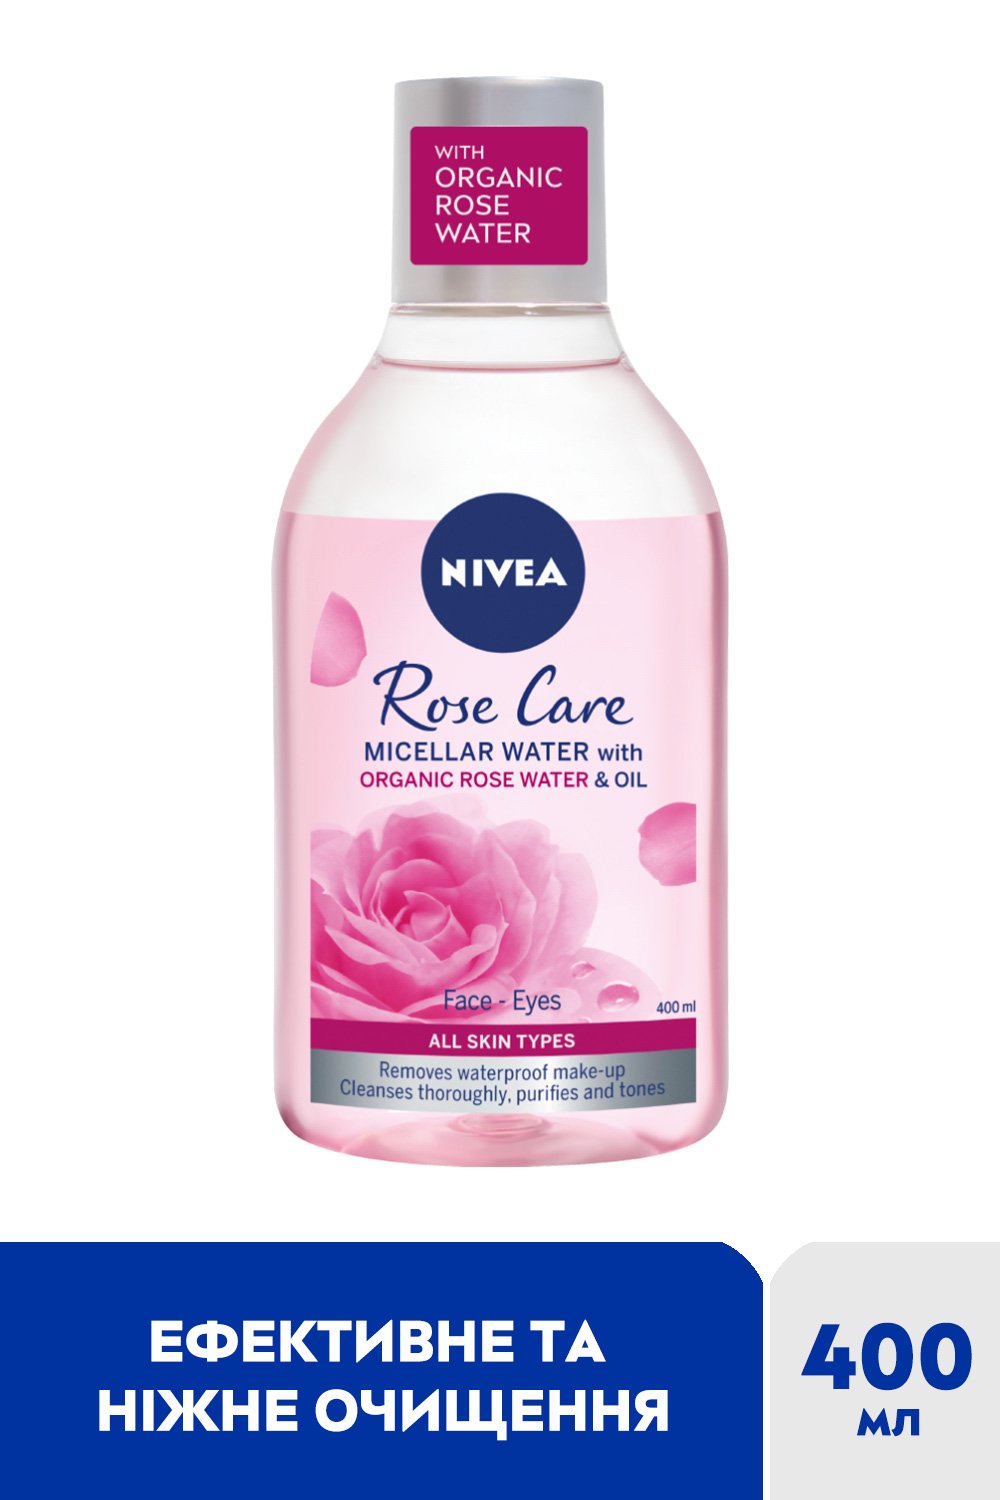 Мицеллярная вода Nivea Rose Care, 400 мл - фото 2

_ _ _ _ _ _ _

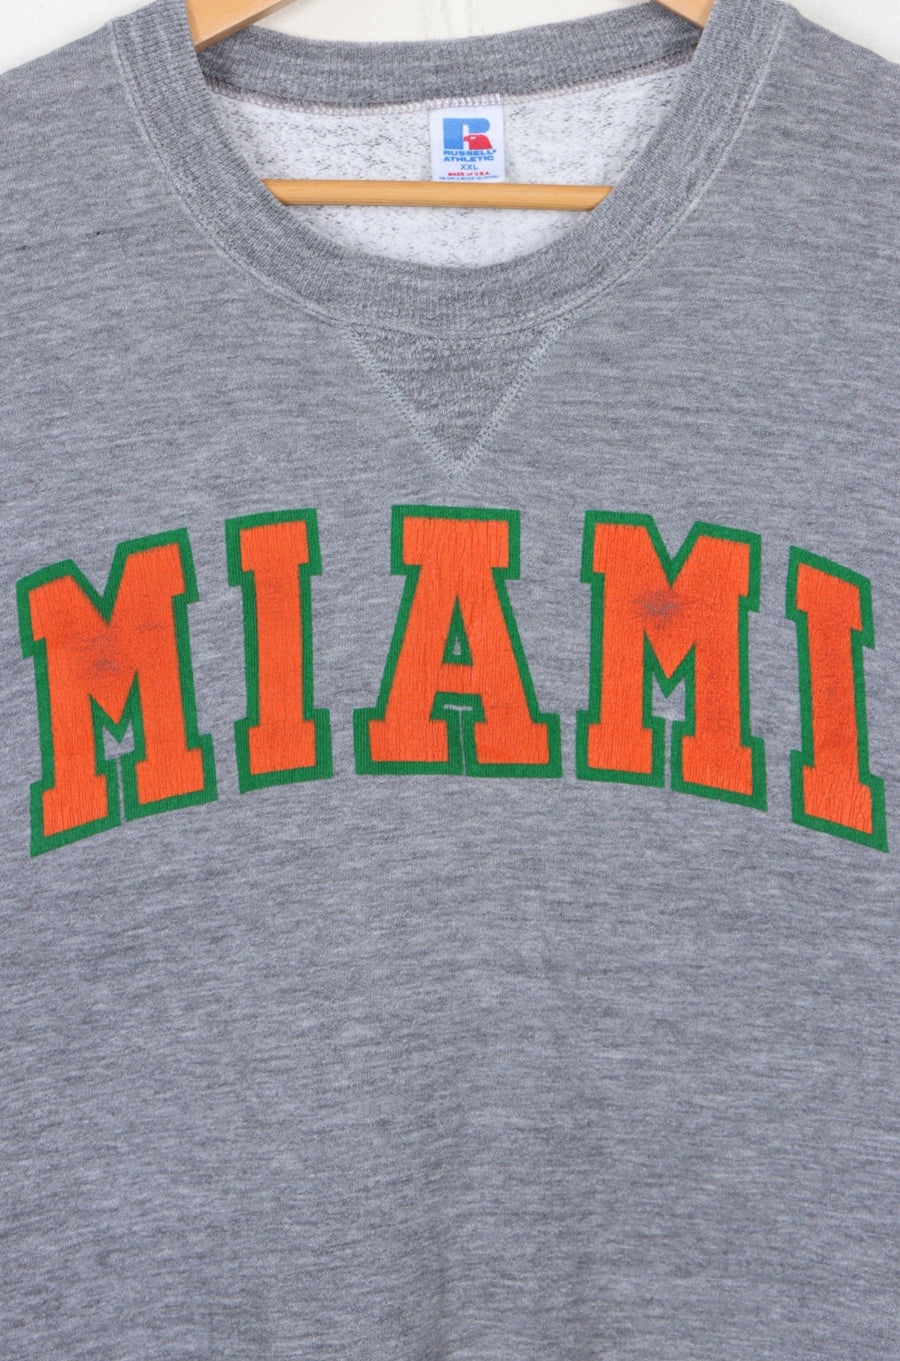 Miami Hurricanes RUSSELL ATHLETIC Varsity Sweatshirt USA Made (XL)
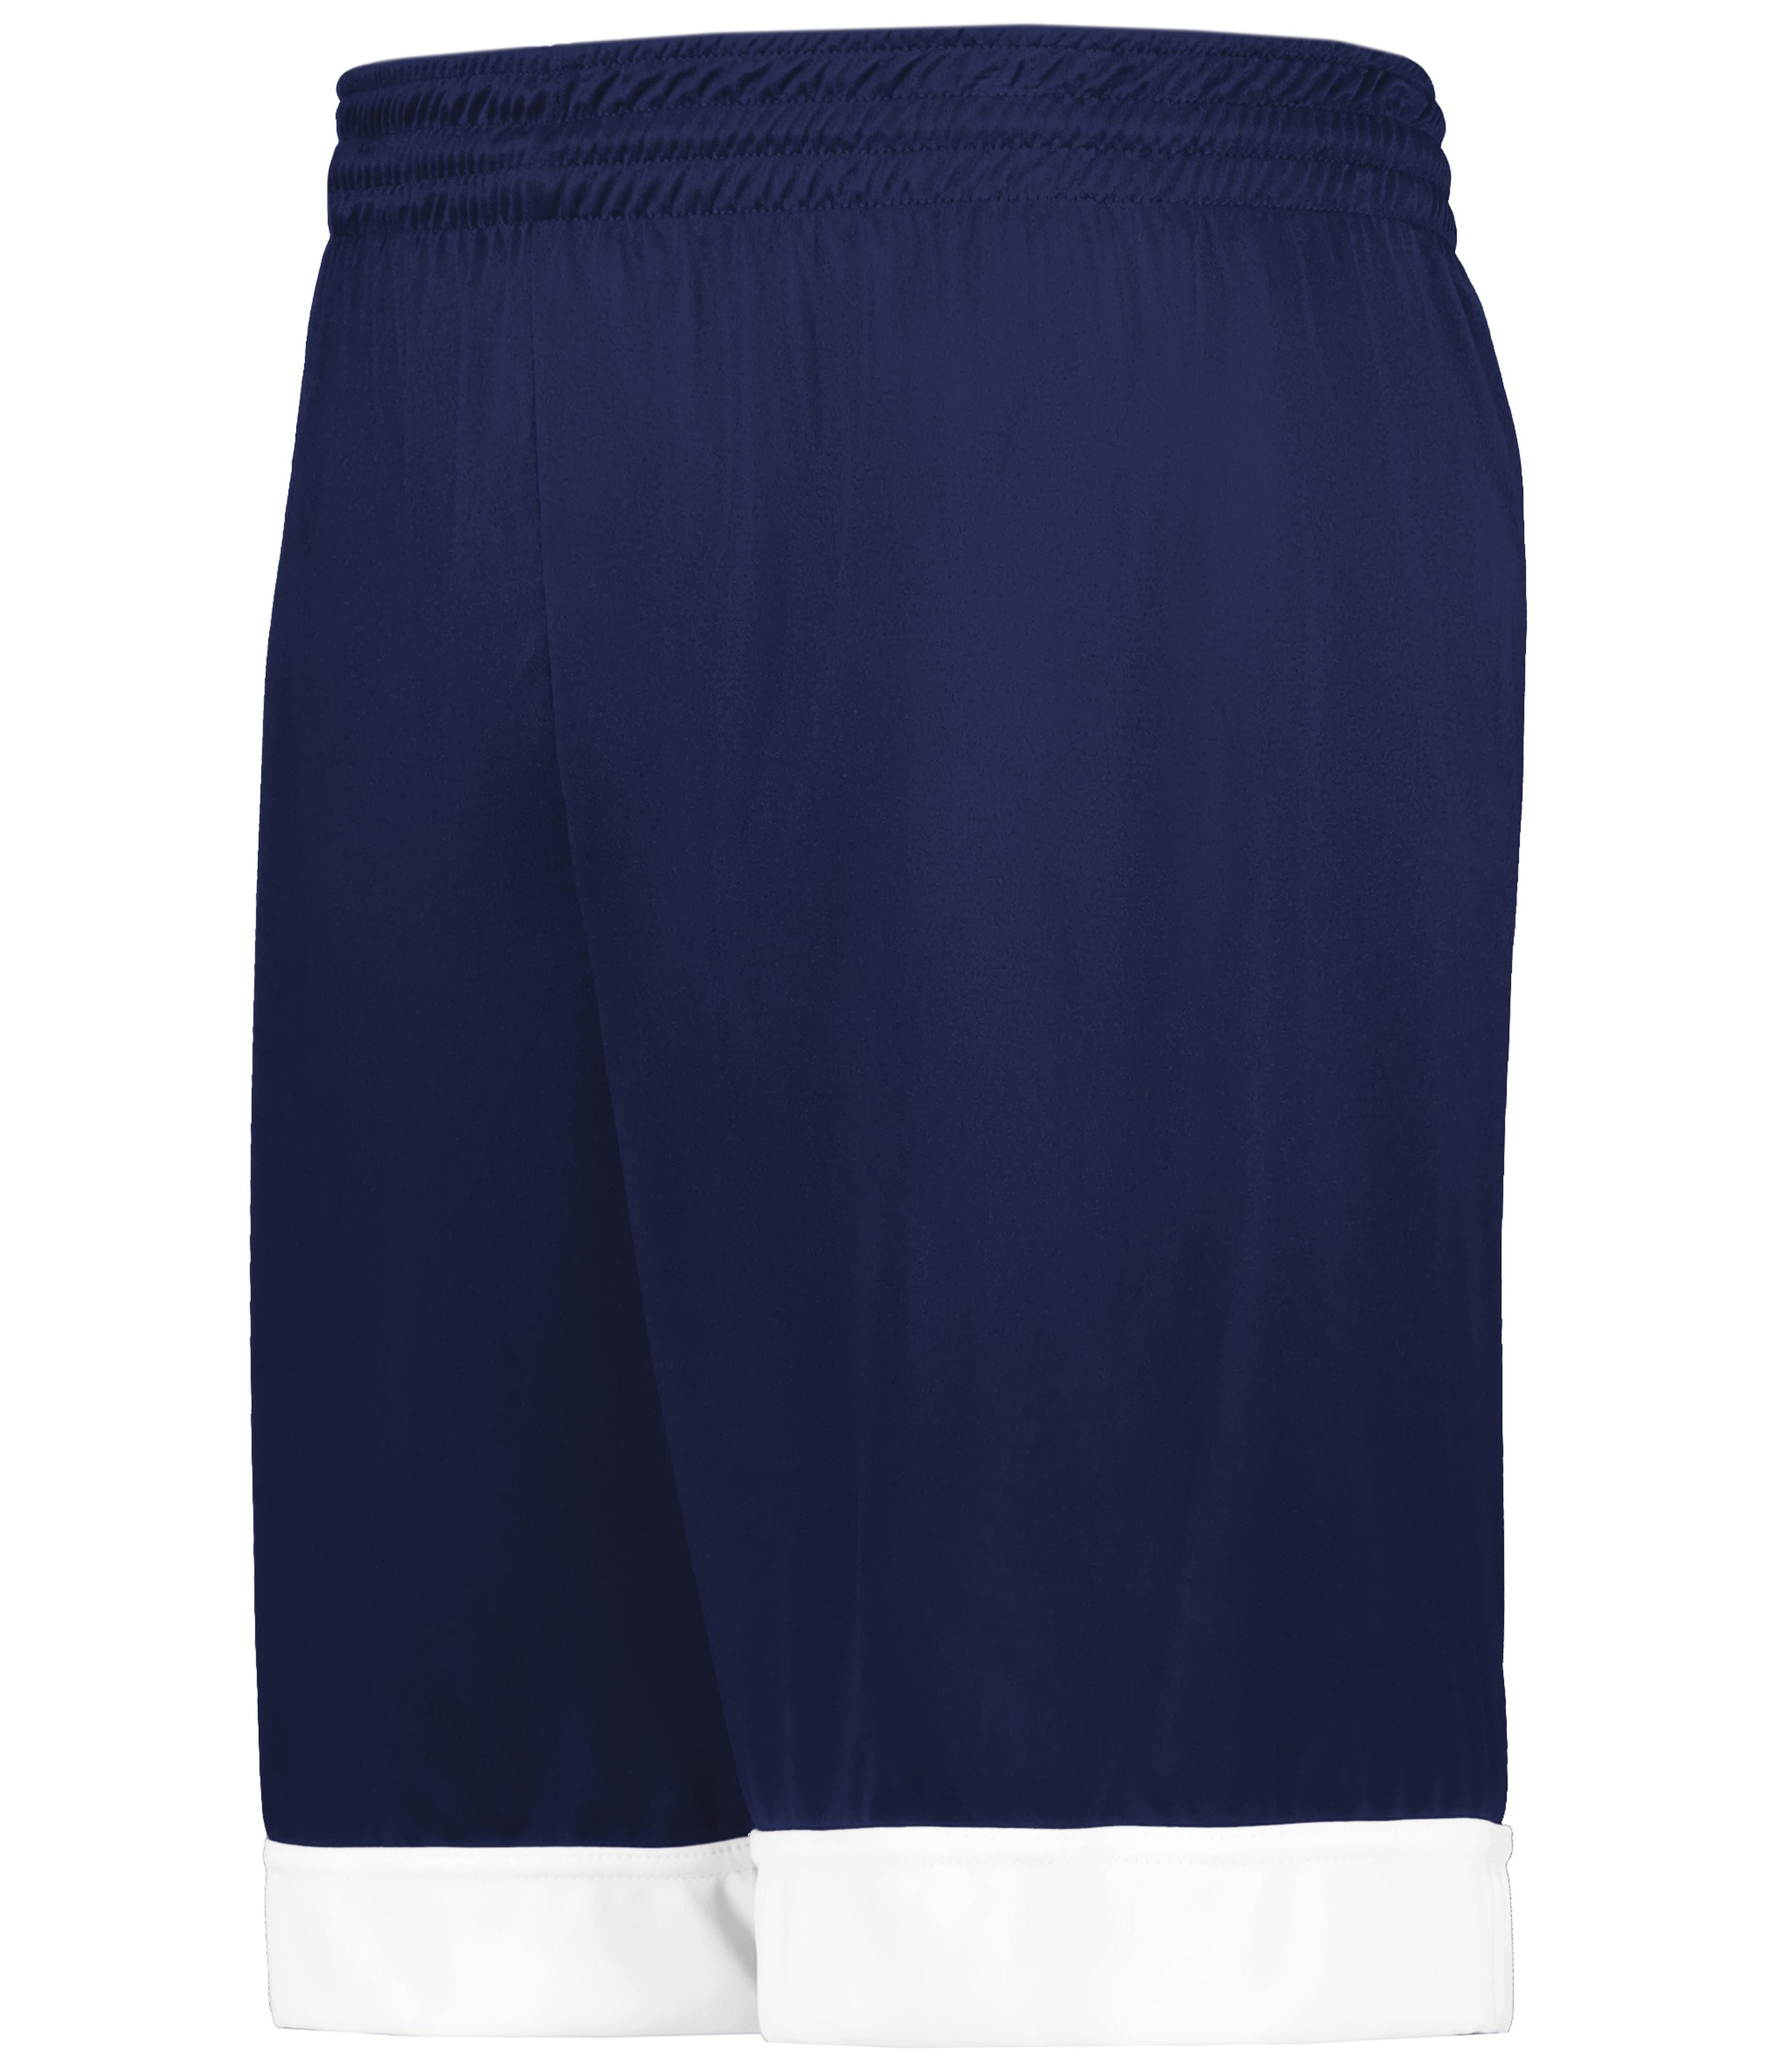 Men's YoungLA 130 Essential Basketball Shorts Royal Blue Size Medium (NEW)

_ _ _ _ _ _ _

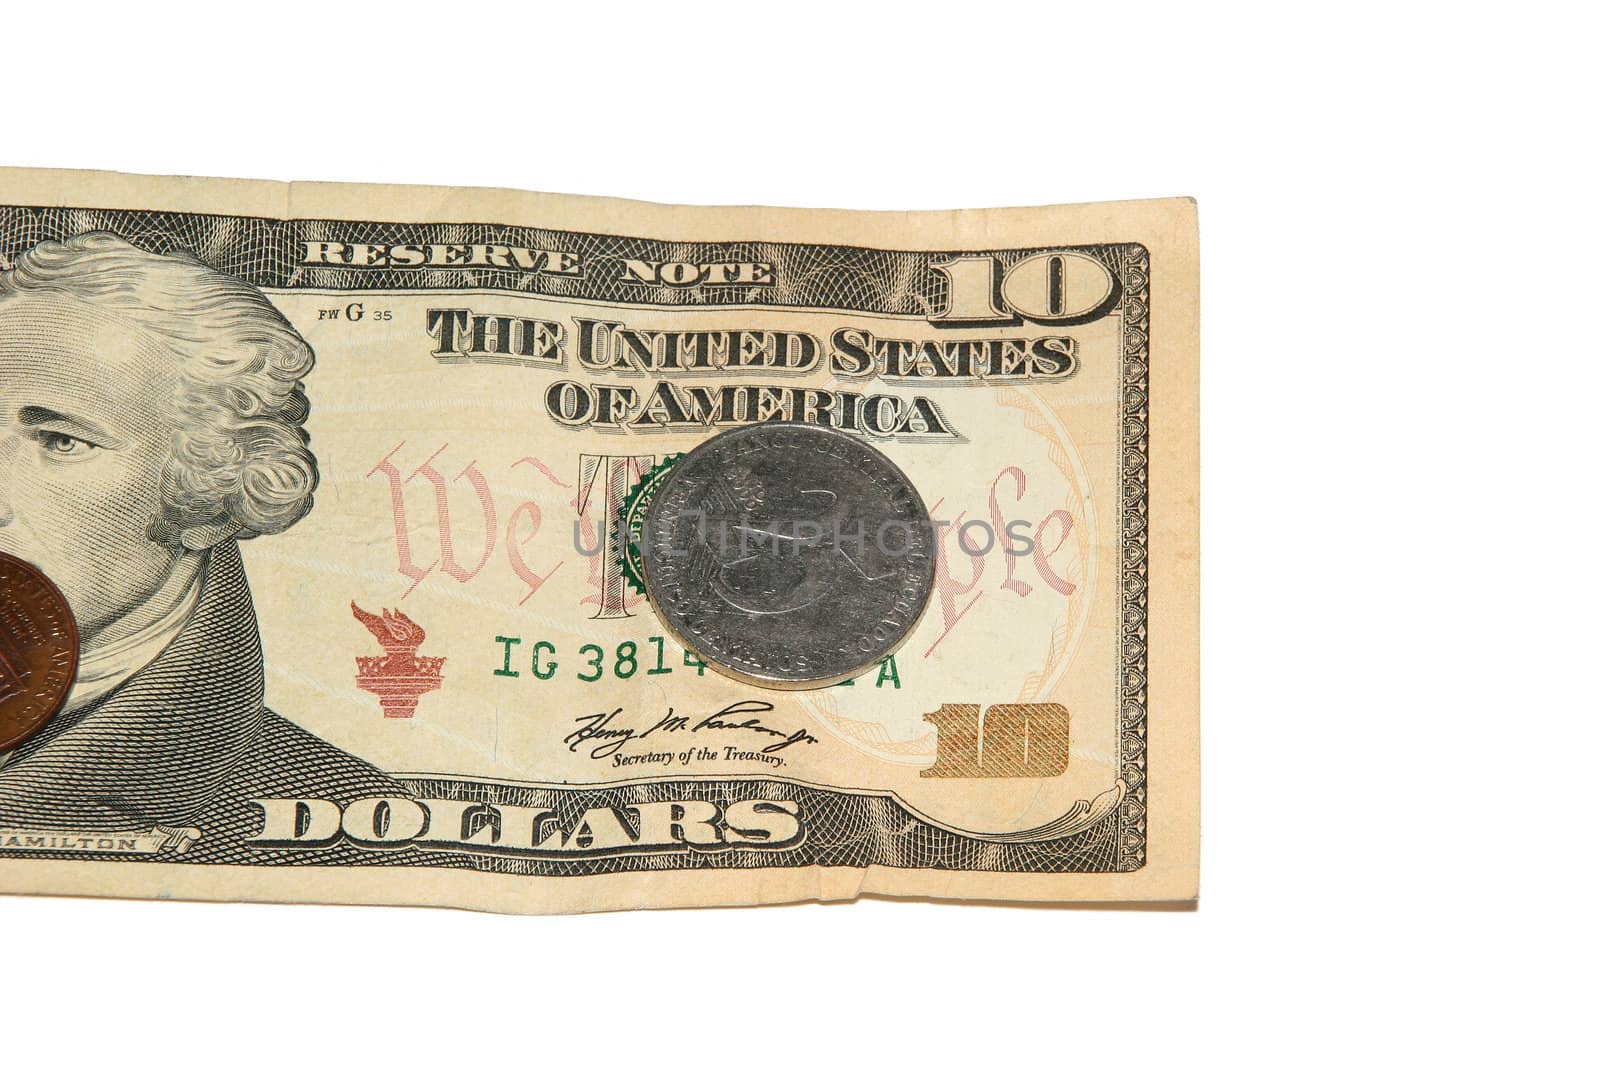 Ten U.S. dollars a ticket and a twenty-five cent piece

_ _ _ _ _ _ _

* Exercise instructions: Set the pictures aside and reproduce exactly the lines above, from the line holding "Miami Hurricanes RUSSELL" through the line holding "Men's YoungLA 130", both included, with nothing else.

* Worked solution:
 Miami Hurricanes RUSSELL ATHLETIC Varsity Sweatshirt USA Made (XL)
 Men's YoungLA 130 Essential Basketball Shorts Royal Blue Size Medium (NEW)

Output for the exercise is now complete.